Saturday, June 6, 2015

Beauty of the Ozarks at 5,000 Feet

The Ozark Mountain region of Arkansas holds a myriad of beautiful sights and notable locations. One walk along the Buffalo National River will attest to that, and yet so much more is held within the hills of this region. Forests, caverns, creeks, and rivers, all adorned by regal bluff lines towering overhead. Crystal clear waters flow through untouched woodlands where creatures great and small live in protected bliss. A resident of this region for over 30 years, I knew all the beauty this area held at ground level, but nothing could compare to a view I experienced recently.

I luck into things, occasionally.

I have the good fortune of working with someone whose preferred mode of transportation is a small plane, and as this luck of mine would have it, we had a meeting on the west side of the state this week. I've flown with him several times before, but always on clear days with maybe a wispy cloud in the distance. This time, something about the partly cloudy skies changed everything I thought about my Ozark Mountains.

On a clear day, an aerial view shows the vast green forests, with serpentine rivers cutting their paths, and ridges beyond ridges of layered vistas. On a partly cloudy day though, the shadows cast by the clouds on the landscape somehow enhanced the definition of the hills, illustrating the graduated misty colors all the way to the horizon. Through each break in the clouds, the hills put on their best show, but the clouds created their own production right outside my window. The region somehow looked different to me, more beautiful, perhaps because I have never seen it from that view, wearing its best outfit. Until then, I never really knew it.
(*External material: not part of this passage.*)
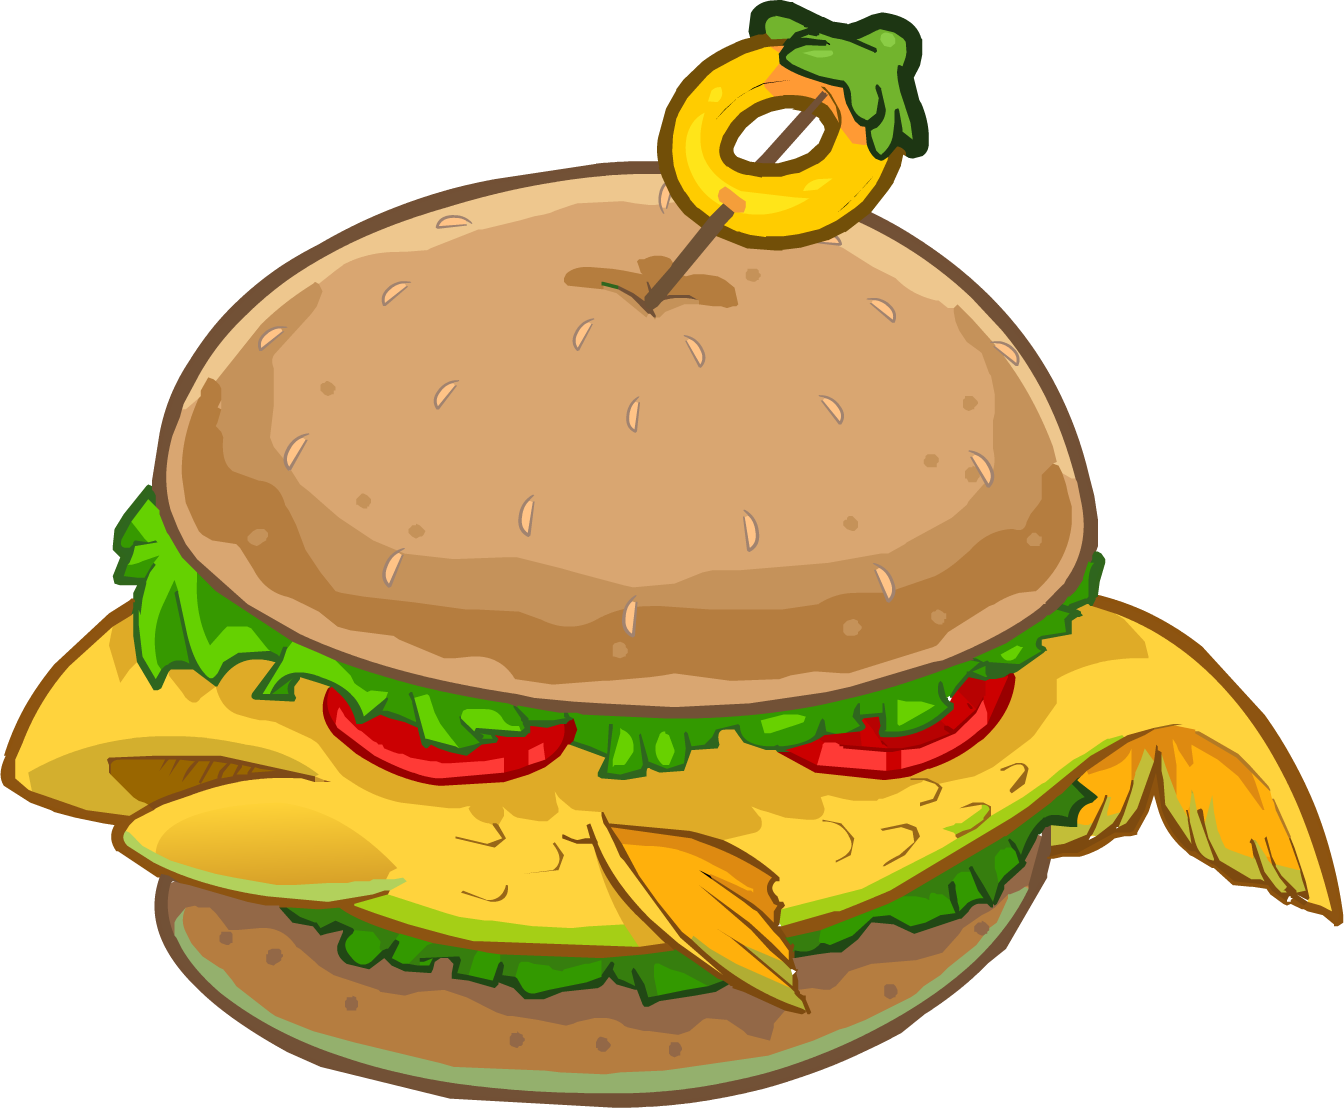 Fish Burger Club Penguin Wiki Fandom Powered By Wikia

Flying through clouds on a commercial airliner loses something. The magic is stunted by the sheer size and altitude of it all. Small crafts, however, put you right at eye level to these clouds, close enough to introduce yourself. All the tension I had felt earlier in the day faded away as I watched out my window to see the puff and billow of new clouds forming, while the ever-transforming shapes whooshed past us. This flight was different. This flight showed me the best of Arkansas. This was the day that I saw its truest beauty in all it intoxicating wonder.